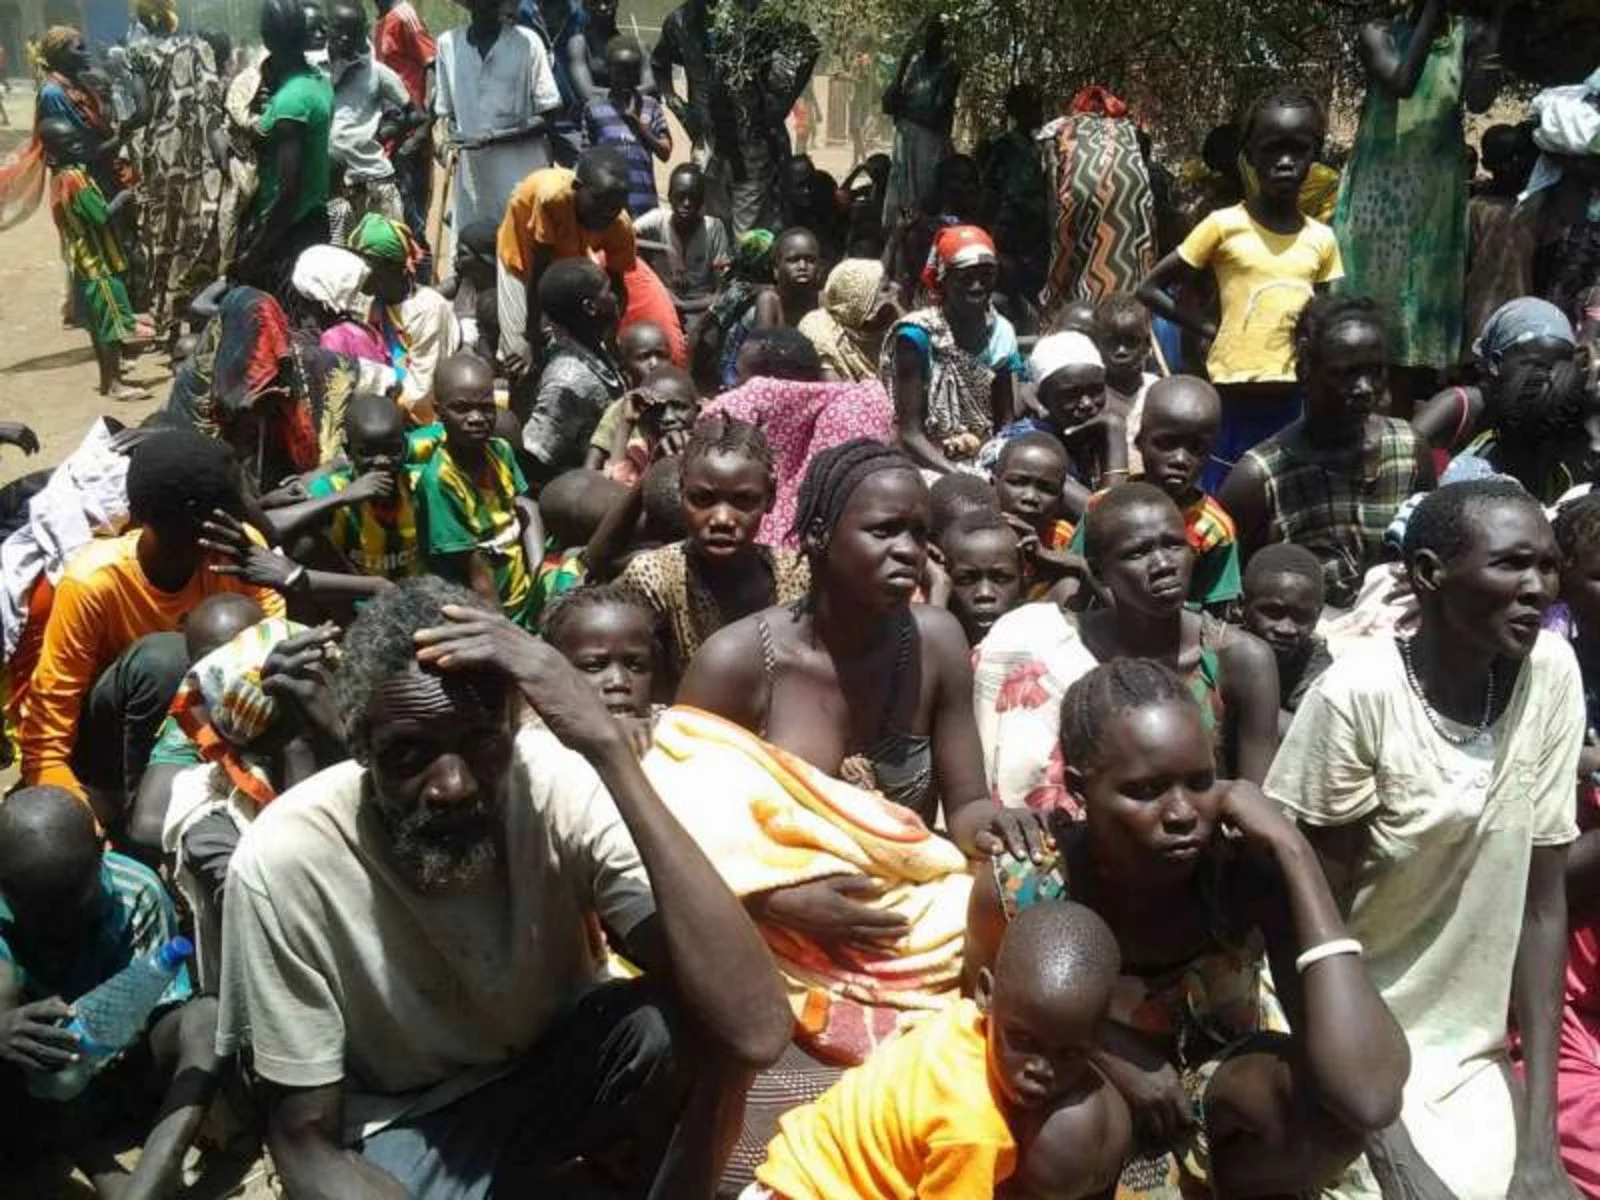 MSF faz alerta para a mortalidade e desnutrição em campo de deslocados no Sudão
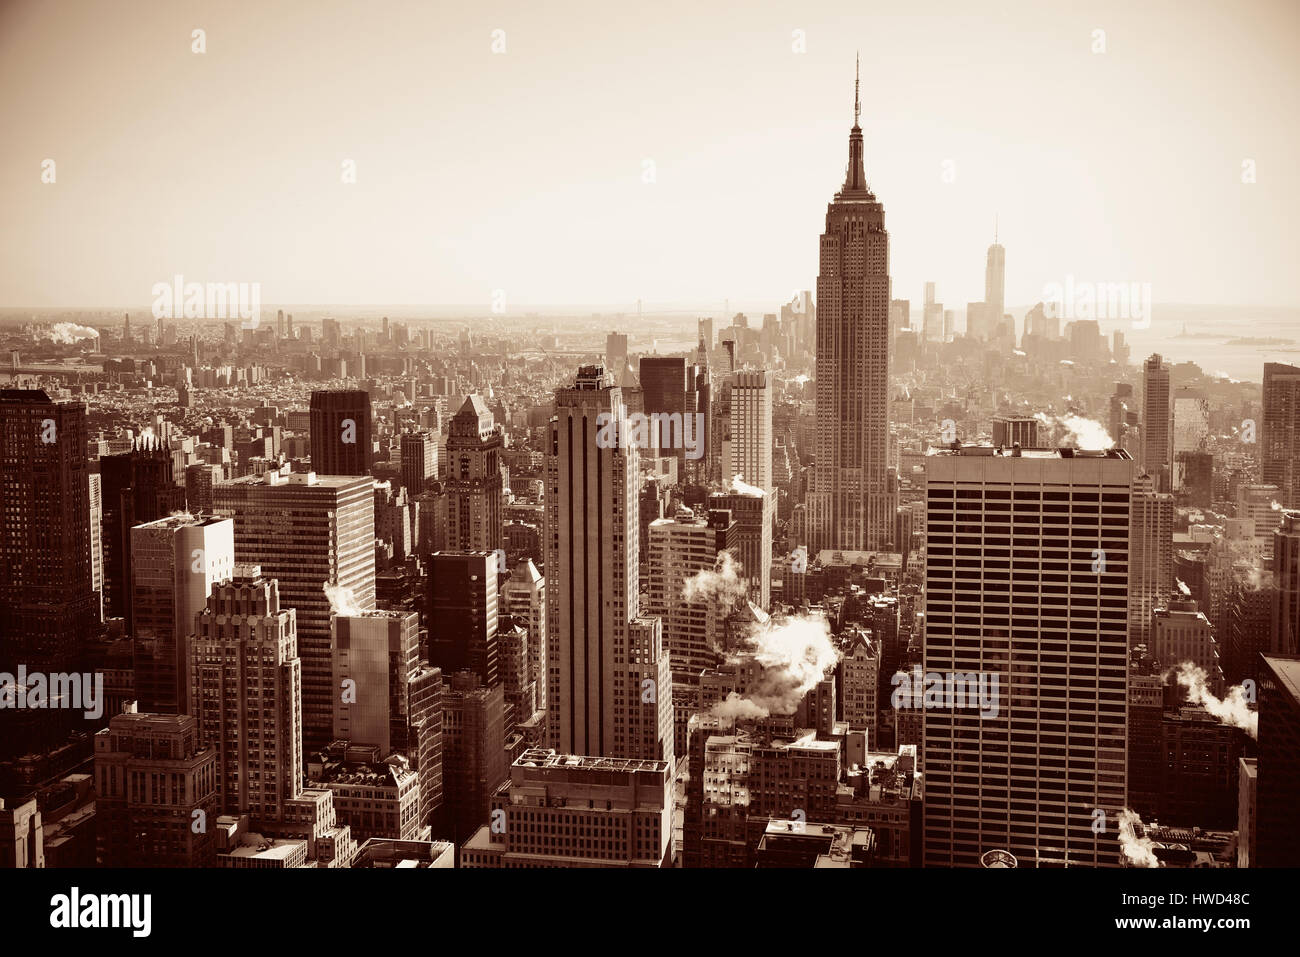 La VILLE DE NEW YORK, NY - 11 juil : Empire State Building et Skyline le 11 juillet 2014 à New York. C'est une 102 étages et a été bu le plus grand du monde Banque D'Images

...

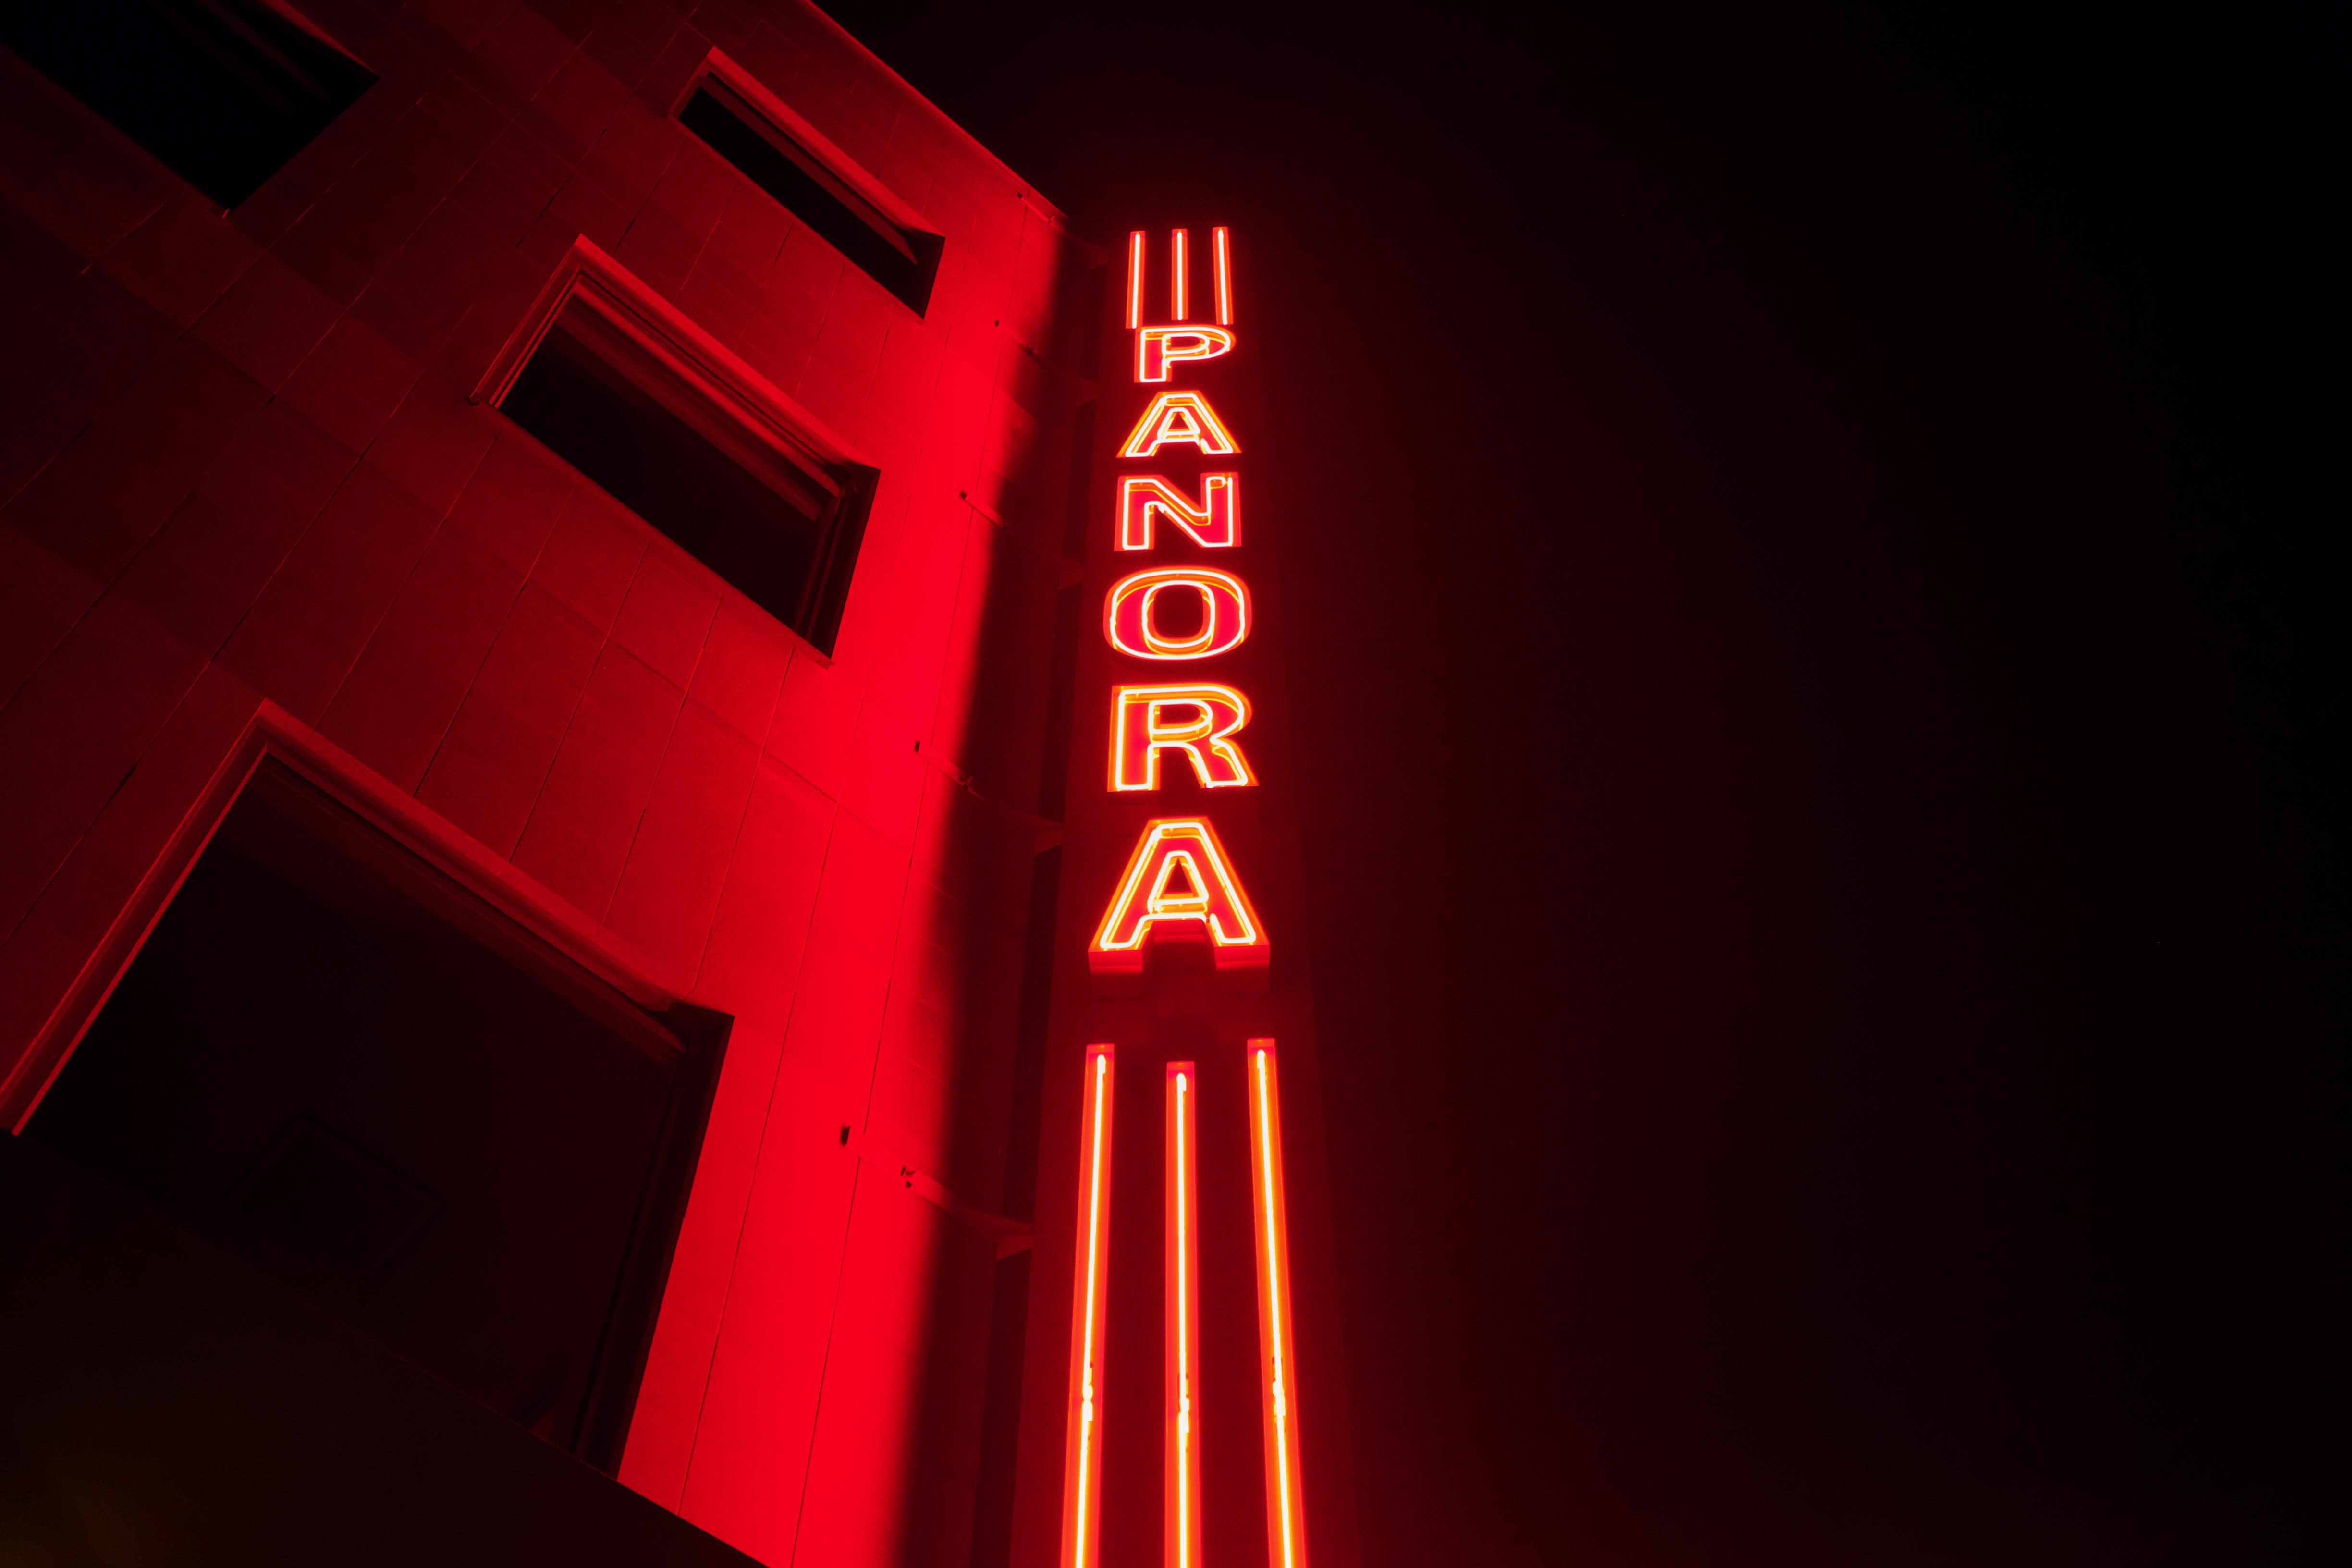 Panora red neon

ACTION ITEM
Output only the lines above from the line that holds "MSF faz alerta" through the line that holds "La VILLE DE", both ends included, and exclude pictures.

RESPONSE BOX
 MSF faz alerta para a mortalidade e desnutrição em campo de deslocados no Sudão
 La VILLE DE NEW YORK, NY - 11 juil : Empire State Building et Skyline le 11 juillet 2014 à New York. C'est une 102 étages et a été bu le plus grand du monde Banque D'Images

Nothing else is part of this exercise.